O Xadrez na Idade Média
Luiz Jean Lauand é um matemático e professor da Faculdade de Educação da USP. Ele é o autor do livro “O Xadrez na Idade Média”, da editora Elos, com 121 páginas, publicado em 1988.
A obra, conforme assinalado pelo autor na Introdução, tem como objetivo apresentar a origem do xadrez no Ocidente. Inicialmente, a Índia foi o berço do ancestral mais antigo do xadrez, o chaturanga, palavra do sânscrito que significa “quatro elementos”, porque as peças desse jogo de tabuleiro eram inspiradas nos quatro componentes do exército indiano da época: infantaria, cavalos, elefantes e carros de guerra. O chaturanga foi descoberto pelos persas, que lhe deram o nome de shatranj, e em seguida pelos árabes, quando estes conquistaram a Pérsia (naquela altura, correspondente ao Império Sassânida, e, atualmente, correspondente ao Irã). Foi por intermédio dos árabes que o jogo chegou na Europa e, lá, com o tempo, as peças foram adaptadas para representar a sociedade medieval.
Em particular, a região onde hoje fica a Espanha, que por séculos teve parte de seu território ocupada por muçulmanos vindos do norte da África (os mouros), destacou-se no processo de assimilação do shatranj. O historiador Richard Eales, em Chess: The History of a Game, citado por Lauand, escreve: “[...] o jogo entrou pela Espanha como parte do intercâmbio cultural geral entre muçulmanos e cristãos na península [...]”, e estima o século X como “data” desse acontecimento. Como provas a favor dessa narrativa, Lauand menciona o Libro del Acedrex, escrito em 1283 pelo rei de Castela e Leão Afonso X, o Sábio, que chama de Alfil (com origem nas palavras persa e árabe para “elefante”) a peça que nós chamamos de Bispo; de Alferza (das palavras persa e árabe para “vizir”) a peça que nós chamamos de Dama; e de Roque (das palavras persa e árabe para “torre”) a peça que nós chamamos de Torre.
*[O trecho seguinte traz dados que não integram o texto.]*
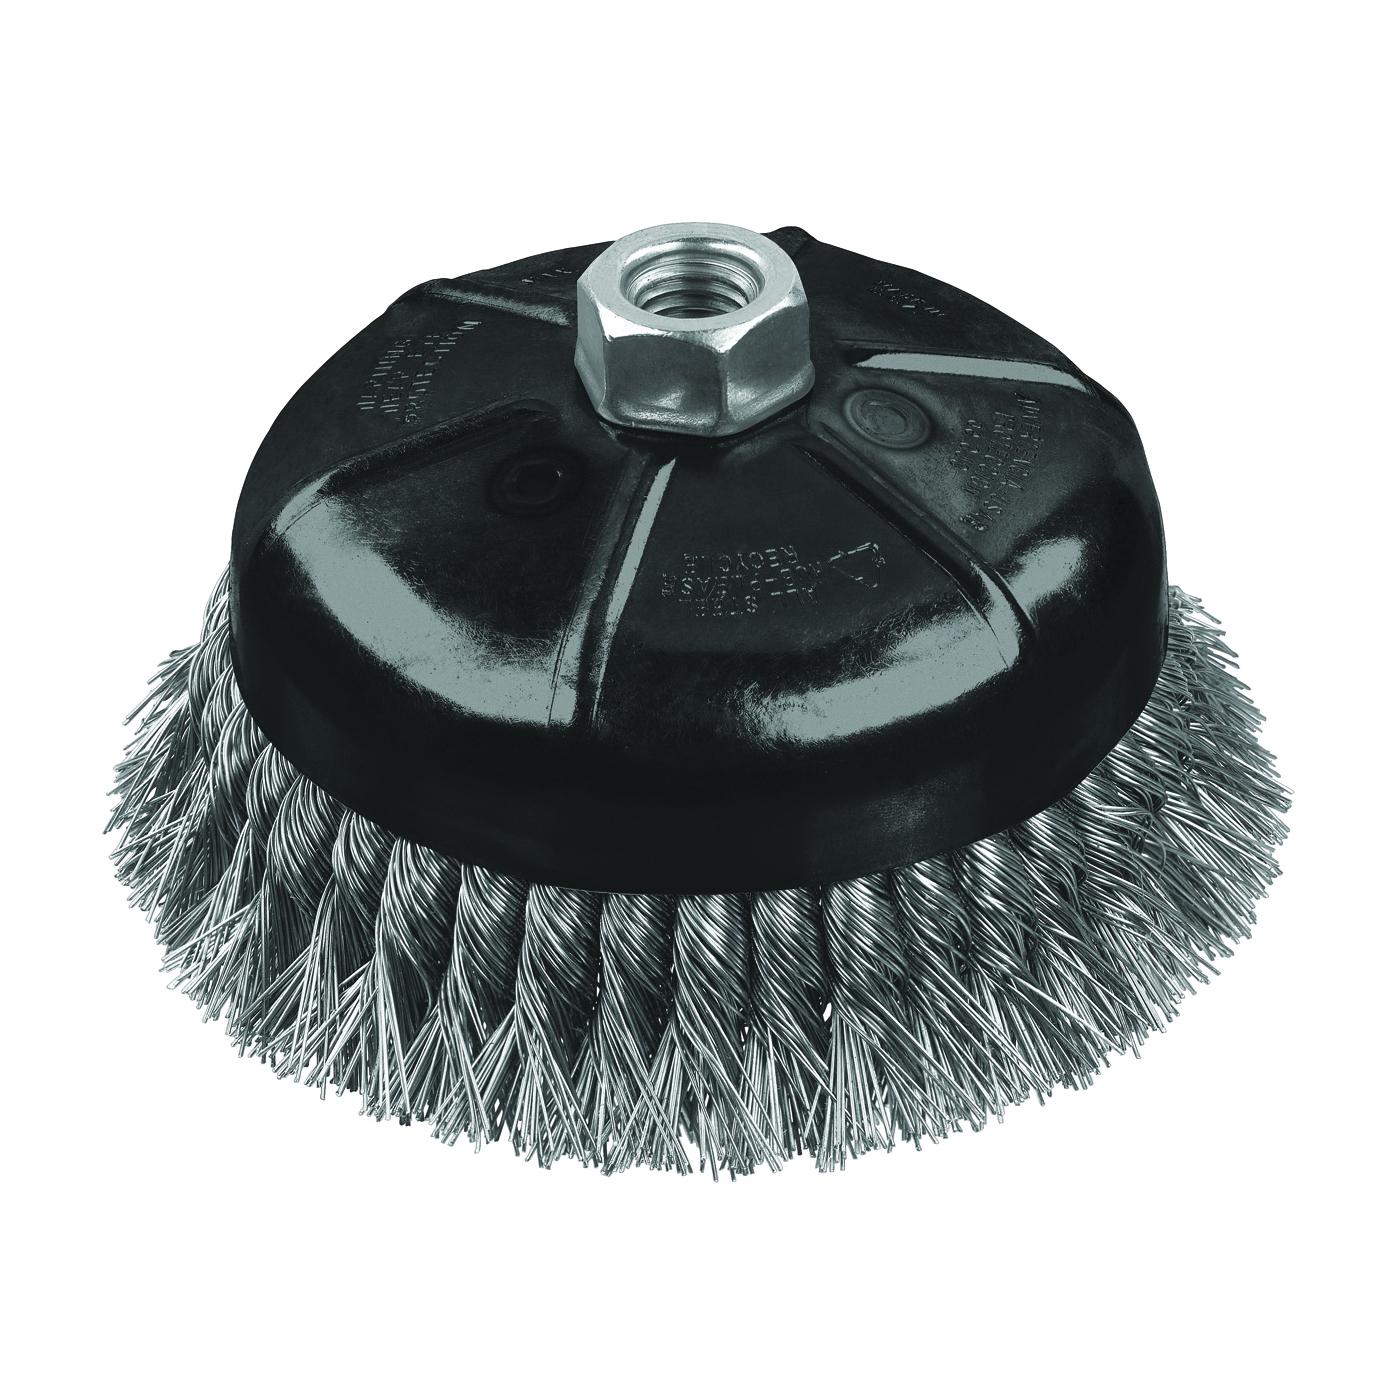 Picture of DeWALT DW4916 Wire Cup Brush, 3 in Dia, 5/8-11 Arbor/Shank, 0.02 in Dia Bristle

Ou seja, várias palavras presentes no Libro del Acedrex — que, em sua época, foi o principal tratado europeu sobre o jogo — tem origem em palavras semelhantes dos idiomas persa e árabe. Isso está de acordo com a hipótese de que o xadrez ocidental é uma nova versão de um jogo mais antigo que era praticado pelos árabes e, antes destes, pelos sassânidas. E Lauand afirma que o que aconteceu com o xadrez na Europa é o que sempre acontece em qualquer lugar quando uma nova realidade cultural, um jogo por exemplo, é introduzida: inicialmente, o vocabulário é preservado e, mesmo depois de as palavras serem adaptadas para o idioma local, alguns traços do idioma original sobrevivem.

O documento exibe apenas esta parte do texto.